The cap sounds risk-free, but there is no such thing. COIO’s higher expense ratio bakes in the cost of the protection. Additionally, the fund’s sponsor needs to continuously hedge the cap by buying put options or entering swap agreements. When volatility is high (when protection matters most), those hedges are expensive. That cost flows through to holders.

A real scenario: suppose crypto drops 30 percent in a month. COIO’s cap triggers, and holders are protected at their defined loss level. But the fund’s sponsor had to spend a lot of capital buying puts to deliver that protection. In a second month where crypto rises 40 percent, COIO will participate in only 2x of that rise (a 80 percent gain) minus the ongoing costs. The protection that saved you money in month one extracts a cost in month two.

The monthly reset and volatility decay

COIO still experiences volatility decay over the month, just less acutely than a daily-reset fund would. If crypto bounces around within a range all month, COIO will lose money to the decay — it is just one lump of decay at month end, not daily dripping.

If crypto has a strong trend, month-end decay is minimal. If crypto is flat or choppy, decay is real. Investors in COIO need to think about whether they expect month-to-month trends or month-to-month choppiness.

Risk remains leverage risk

The cap on losses does not change the fact that you are holding a leveraged instrument. A 20 percent monthly cap still means losing 20 percent if conditions are bad. That is not a small loss.
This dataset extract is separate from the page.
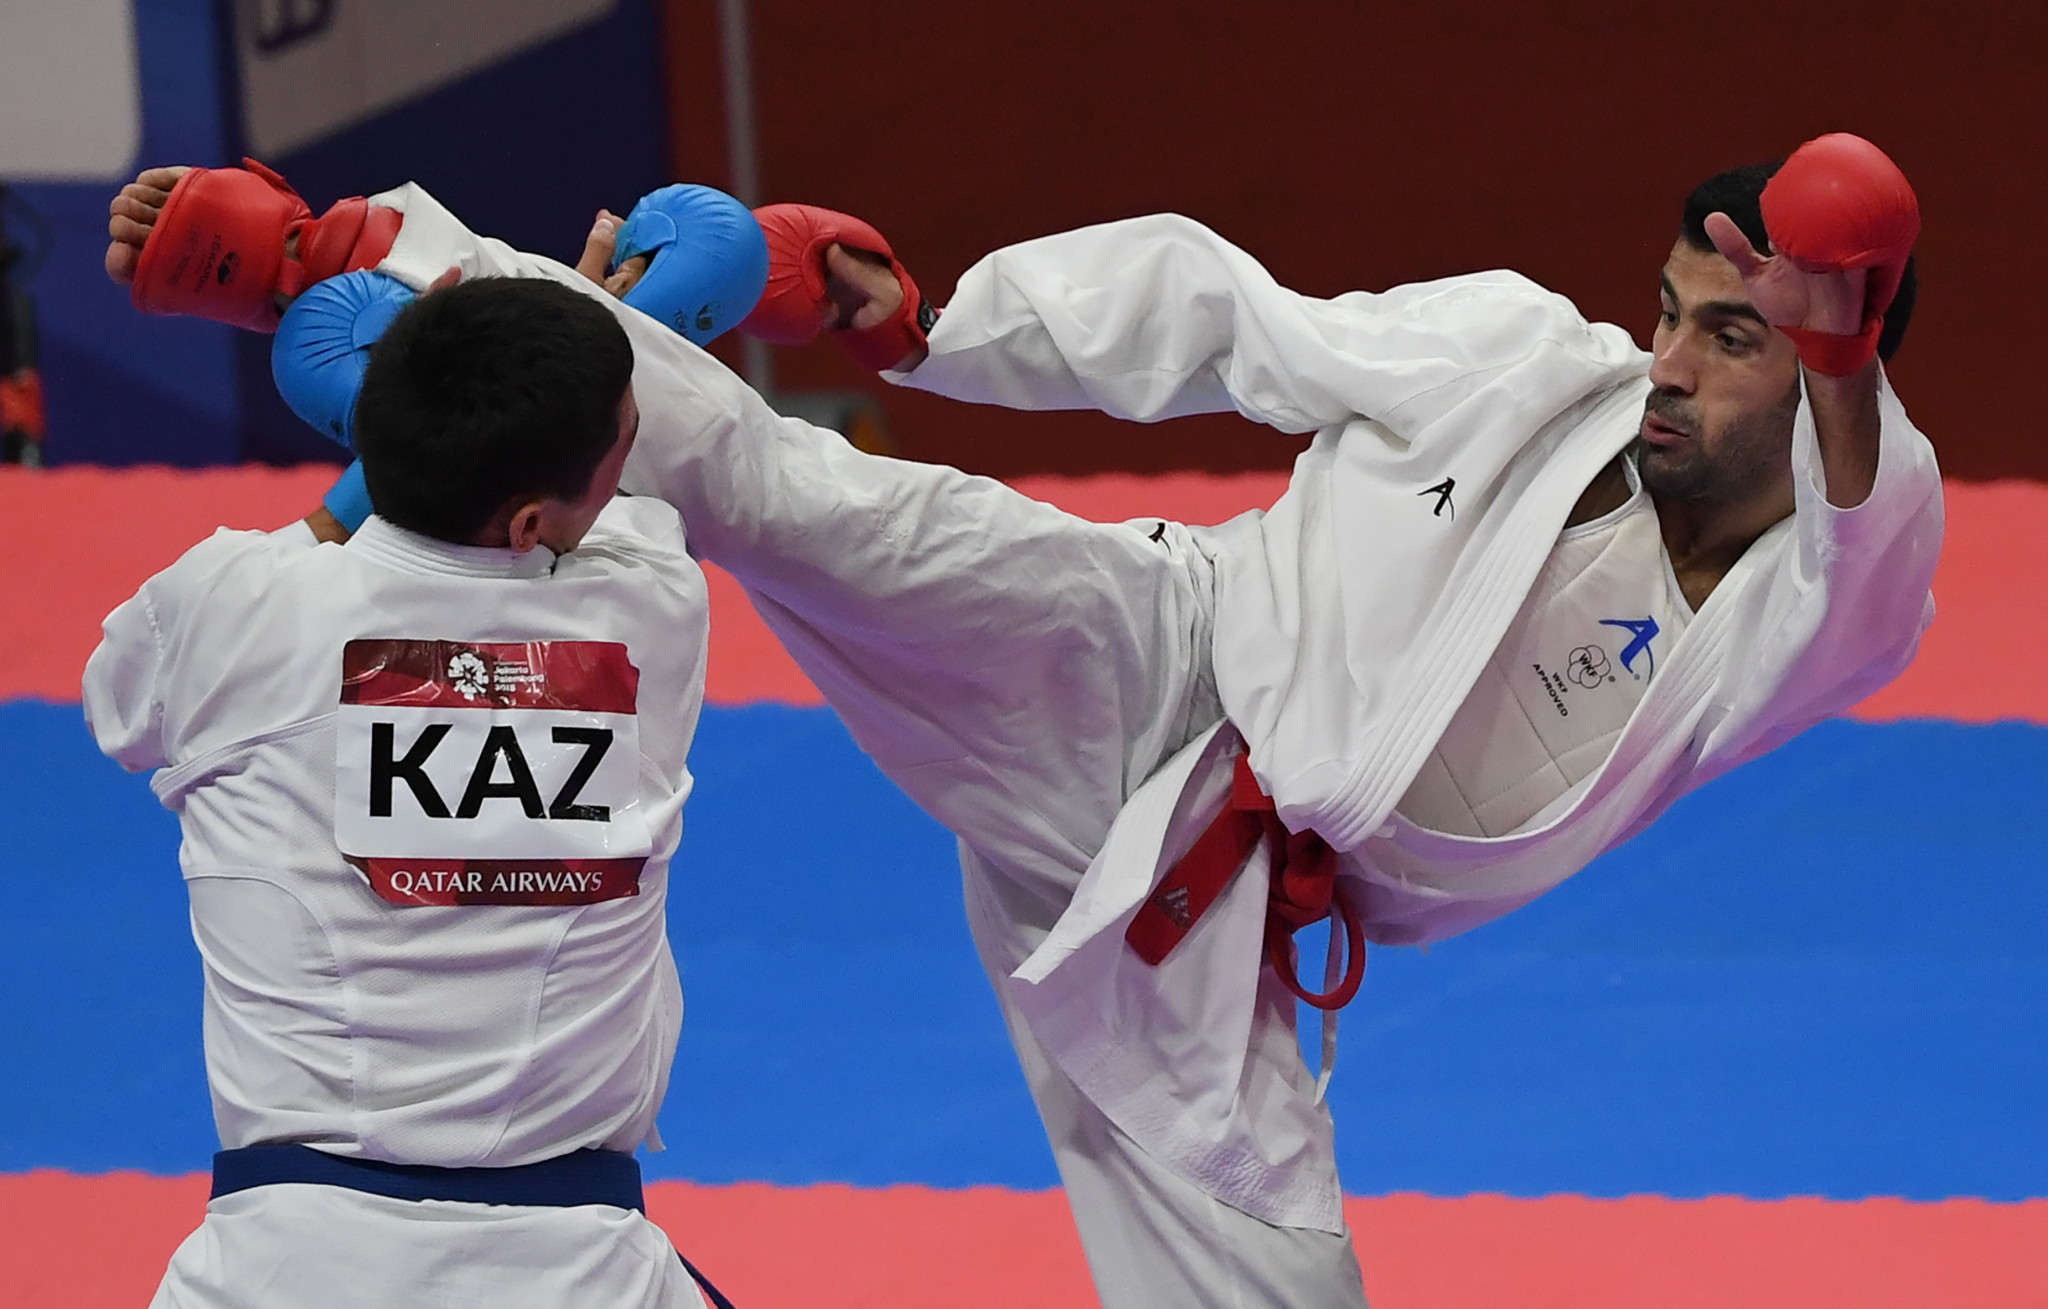 Ali Abdulaziz then doubled Kuwait's gold medal tally with victory in the men's under-67 kilograms karate event, beating Kazakhstan's Didar Amirali 4-0 in the final ©Getty Images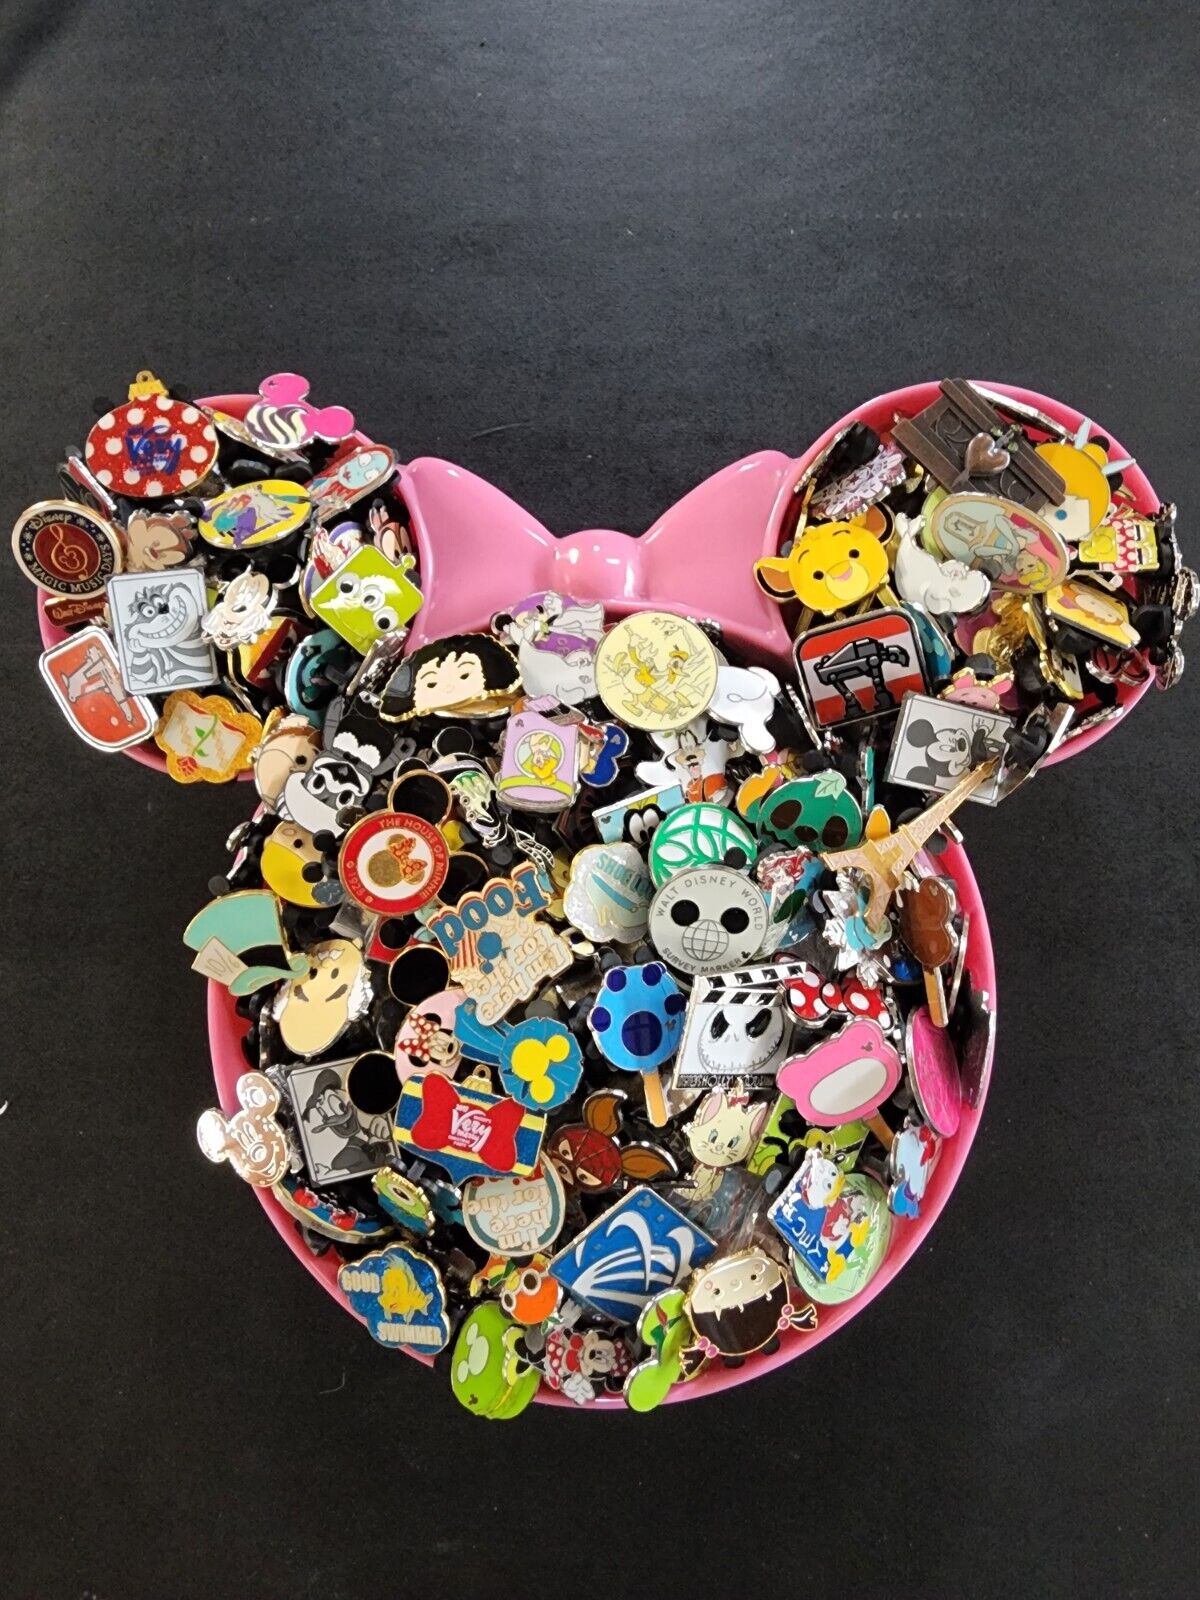 DISNEY PIN TRADING LOT 100, NO DOUBLES, FREE PRIORITY SHIPPING, 100% TRADABLE

For a trader with conviction that crypto will trend up, COIO provides amplified upside. For someone unsure or bearish, COIO still loses money, just with a defined floor rather than no floor at all.

The cap also only applies monthly. Within the month, before reset, COIO can swing dramatically. A trader might see a 40 percent intramonth drawdown before the monthly reset occurs and the cap logic applies.

Tracking the fund over time

COIO’s prospectus shows what the monthly cap percentage is and explains the mechanics of the puts or swaps used to implement it. A historical tracking document (if available) shows what actual returns were versus what “2x the monthly index return” would have been, revealing the real-world impact of volatility decay, hedging costs, and the cap.

For someone considering COIO, the decision hinges on a simple question: Is the cost of downside protection (through higher expense ratios and capped participation in bull moves) worth the peace of mind of a defined monthly loss floor? If crypto is volatile but you believe in long-term upside, that protection might be valuable. If you are purely bullish and want maximum gains, the costs of the cap will frustrate you.

COIO is a more sophisticated product than a simple 2x crypto fund. It is worth understanding exactly what you are paying for and whether that protection aligns with your trading or investment plan.